Theresa May warned: ‘Don’t quit European Convention on Human Rights’

Jewish human rights organisation Rene Cassin urges Prime Minister not to withdraw UK from treaty

Theresa May

A Jewish charity is calling on Theresa May to reconsider withdrawing the UK from the European Convention on Human Rights (ECHR).

In an open letter to the Prime Minister, Rene Cassin director Mia Hasenson-Gross said such a move would suggest: “Britain does not value an internationalist approach to human rights violations”.

The Jewish human rights organisation also reminded Mrs May that international human rights treaties such as the ECHR and the United Nations Universal Declaration of Human Rights were developed in response to the atrocities committed by the Nazis.

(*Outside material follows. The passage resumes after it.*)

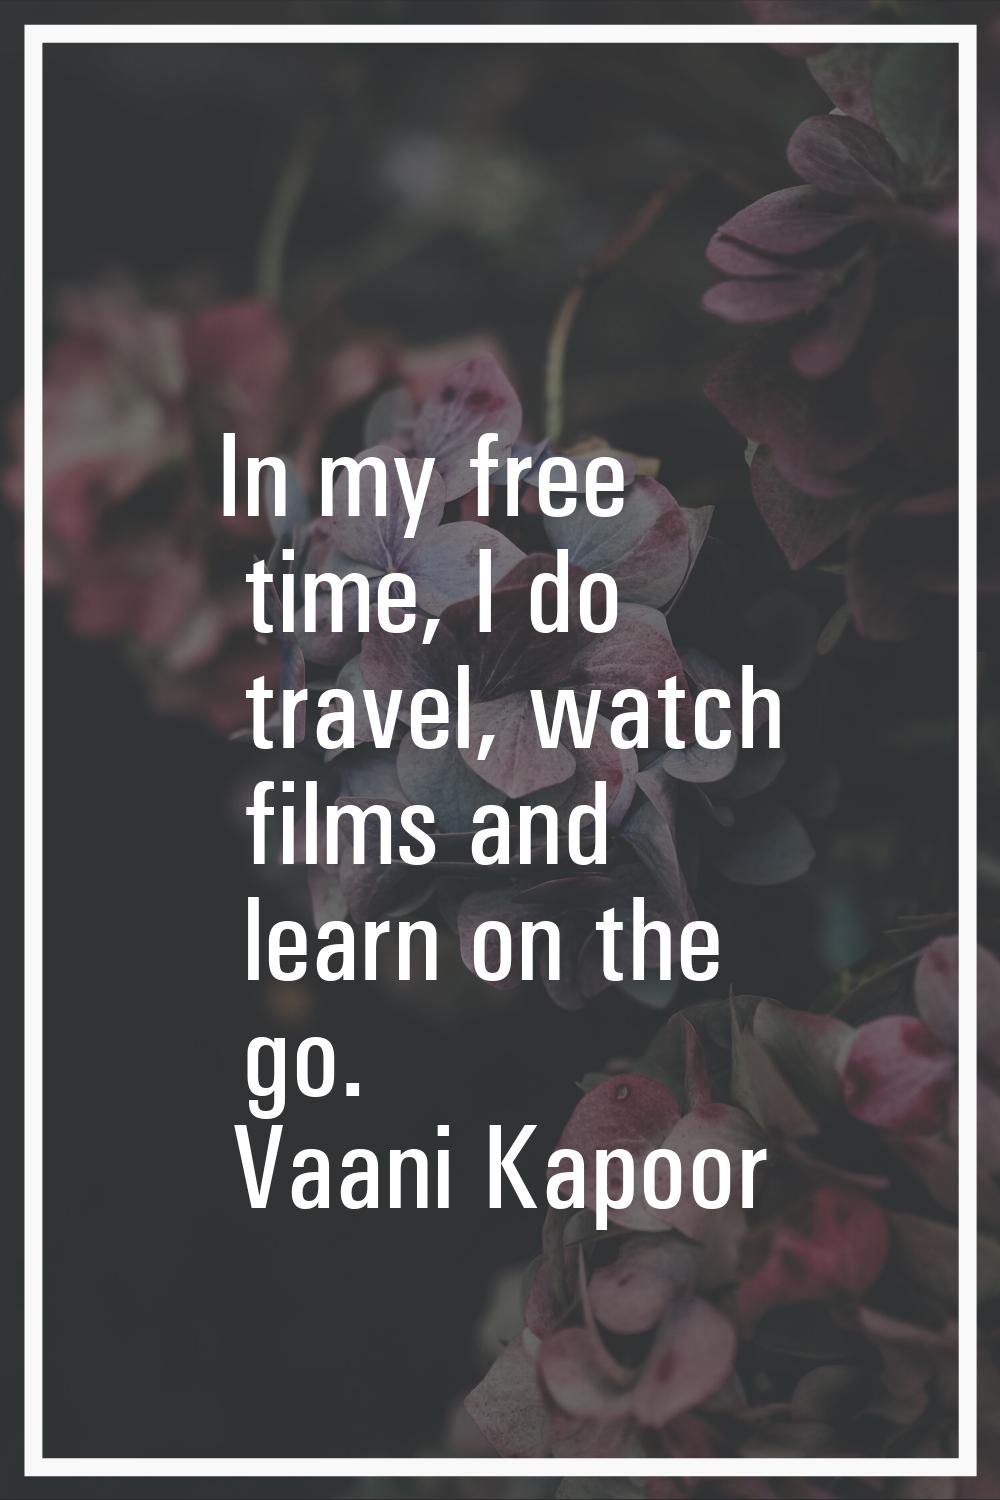 In my free time, I do travel, watch films and learn on the go.

“As a Jewish human rights organisation, your words have particular resonance. Last month, Holocaust Memorial Day remembered the horrors committed by the Nazis in a world that had no effective political or legal response to totalitarianism.

“Determined never again to allow such inhumanity, the civilised nations moved quickly to establish the United Nations and that first great proclamation of basic, global, human values – the Universal Declaration of Human Rights,” the letter stated.

The charity also reminded Mrs May that the ECHR was both British and Conservative in origin, having been advocated by Winston Churchill and drafted by former Conservative Home Secretary, David Maxwell-Fyfe.

In the past, Mrs May has expressed her desire to replace the ECHR with a British Bill of Rights. While serving as Home Secretary from 2010 to 2016, the ECHR frustrated her plans to extradite hate preacher Abu Qatada.

Last April, the Prime Minister said: “The ECHR can bind the hands of Parliament, adds nothing to our prosperity, makes us less secure by preventing the deportation of dangerous foreign nationals, and does nothing to change the attitudes of governments like Russia’s when it comes to human rights.”